What mother treats her child like thrift shop furniture? How can you wield a weapon against your
child? When Ry was 5 or 6 I imagined
doing that as an experiment (in my mind only) and I realized I would have to be
bat shit crazy to go off on my son like that.
There was no way I could bear a weapon upon my son’s body, no fucking
way. With that partial evidence I was
now convinced that my mom was truly a crazy person driven to extremes beyond
her control. But somehow that didn’t
alleviate the wanderlust of being my own person. It didn’t let Chris be Chris. Decades of programming didn’t suddenly
disappear and I was introduced again to the world born again. No that’s not what happened.
What did happen? At
some point I did go bat shit crazy. I
was completely untethered from any human programming, set adrift on the seas of
doubt, fear, insecurity and “togetherness.”
My second marriage exploded and the emotional damage cut deep into a
decade of work that I thought I was doing well with. I was clean and sober, seeing a therapist on
occasion. Raising 2 kids, working,
helping with all the work around the house.

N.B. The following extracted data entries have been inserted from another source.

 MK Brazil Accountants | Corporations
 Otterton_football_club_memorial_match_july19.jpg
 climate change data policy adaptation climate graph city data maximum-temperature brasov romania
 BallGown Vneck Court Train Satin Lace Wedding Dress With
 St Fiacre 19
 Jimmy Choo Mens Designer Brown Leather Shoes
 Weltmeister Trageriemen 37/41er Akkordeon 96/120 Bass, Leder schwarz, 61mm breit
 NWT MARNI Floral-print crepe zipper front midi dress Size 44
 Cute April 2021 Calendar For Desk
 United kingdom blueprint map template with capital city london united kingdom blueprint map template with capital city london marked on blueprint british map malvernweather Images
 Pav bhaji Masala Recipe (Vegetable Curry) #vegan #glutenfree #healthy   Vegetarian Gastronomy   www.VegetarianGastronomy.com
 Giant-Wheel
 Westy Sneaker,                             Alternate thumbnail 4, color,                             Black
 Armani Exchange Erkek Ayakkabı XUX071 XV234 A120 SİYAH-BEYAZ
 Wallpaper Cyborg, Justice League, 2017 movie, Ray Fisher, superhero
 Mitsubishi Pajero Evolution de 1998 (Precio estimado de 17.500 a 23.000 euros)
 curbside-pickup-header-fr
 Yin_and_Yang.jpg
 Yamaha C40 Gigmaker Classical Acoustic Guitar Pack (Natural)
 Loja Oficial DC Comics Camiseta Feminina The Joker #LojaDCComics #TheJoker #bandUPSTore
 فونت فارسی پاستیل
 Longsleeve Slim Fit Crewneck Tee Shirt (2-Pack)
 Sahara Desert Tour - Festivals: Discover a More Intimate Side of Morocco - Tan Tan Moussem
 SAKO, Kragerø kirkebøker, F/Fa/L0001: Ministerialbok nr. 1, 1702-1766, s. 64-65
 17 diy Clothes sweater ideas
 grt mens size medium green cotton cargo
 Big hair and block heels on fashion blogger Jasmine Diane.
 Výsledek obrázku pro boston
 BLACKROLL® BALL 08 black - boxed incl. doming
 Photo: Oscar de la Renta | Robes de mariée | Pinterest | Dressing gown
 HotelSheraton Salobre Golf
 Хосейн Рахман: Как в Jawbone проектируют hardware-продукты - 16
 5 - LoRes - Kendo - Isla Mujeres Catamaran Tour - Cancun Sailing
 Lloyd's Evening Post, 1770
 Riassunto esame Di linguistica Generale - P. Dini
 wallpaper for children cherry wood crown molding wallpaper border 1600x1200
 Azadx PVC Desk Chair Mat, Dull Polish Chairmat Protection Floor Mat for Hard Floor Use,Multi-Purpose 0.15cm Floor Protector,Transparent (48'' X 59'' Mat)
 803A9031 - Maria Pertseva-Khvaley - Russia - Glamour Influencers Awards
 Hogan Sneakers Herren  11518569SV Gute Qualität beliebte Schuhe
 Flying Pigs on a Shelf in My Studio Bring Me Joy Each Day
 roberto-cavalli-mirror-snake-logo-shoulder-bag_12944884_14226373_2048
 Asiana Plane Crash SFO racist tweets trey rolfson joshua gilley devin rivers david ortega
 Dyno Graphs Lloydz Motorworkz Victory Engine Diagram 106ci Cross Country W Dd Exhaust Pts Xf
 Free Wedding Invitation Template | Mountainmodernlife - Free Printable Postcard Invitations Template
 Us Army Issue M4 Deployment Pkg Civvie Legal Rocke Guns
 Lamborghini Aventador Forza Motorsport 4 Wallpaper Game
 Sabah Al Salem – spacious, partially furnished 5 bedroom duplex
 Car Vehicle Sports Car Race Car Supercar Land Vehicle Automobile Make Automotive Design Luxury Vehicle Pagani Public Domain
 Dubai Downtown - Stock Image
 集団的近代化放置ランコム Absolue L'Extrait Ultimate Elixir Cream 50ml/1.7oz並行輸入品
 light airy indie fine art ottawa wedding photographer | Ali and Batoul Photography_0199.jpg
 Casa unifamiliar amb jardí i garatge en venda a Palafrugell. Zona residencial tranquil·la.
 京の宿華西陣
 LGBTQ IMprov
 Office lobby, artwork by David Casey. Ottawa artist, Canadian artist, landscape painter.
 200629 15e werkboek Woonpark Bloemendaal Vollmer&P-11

I didn’t make delineations between household chores. I was coaching a girls’ soccer team and I had
no idea how the game was played. If the
ball wasn’t moving I could actually kick it.
But, but, but, I thought I had it together. What I realized manically out of all of that
was how close to unreality my mind resides.
My soul was residing outside of myself.
I didn’t know better. I was
projecting happiness outside of myself on how non-reactive everything was. I was liked by my wife and kids. I thought that was all I needed. I never discovered the depth of the need for inner peace for my
psyche. I didn’t know that I was a good guy where it counted. For lack of a better technical term, my
heart. I performed all the actions to
please my external environment but for some reason, it was not coinciding with
what my soul required. I was not being
true to myself.
Maybe it wasn’t a great marriage. We were both trying to suck the essence of
peace from each other’s projections. It
didn’t matter who did the laundry or who didn’t ever wash one piece of mine. (A
little slam) It wasn’t the actions that
made it bad, it was the hearts being elsewhere.
Hell, what are second marriages other than trying to make right what
went so wrong in the first. Sure there
are comparisons, good and bad and that’s where the damage starts. If she said something in the same tone as my
first, it would bring up a memory that didn’t belong but that was now
contaminating today. Coupled with some
similar actions and now it’s an event.
If you’re used to someone not washing spoons right for 20 fucking years
and then husband #2 missed one spoon, guess what? I’m just simplifying here. This was only a microcosm of what went on
with my marriage. I just stopped making
her heart beat faster one day. She was
looking for a spiritual answer and I couldn’t meet the challenge. Who could?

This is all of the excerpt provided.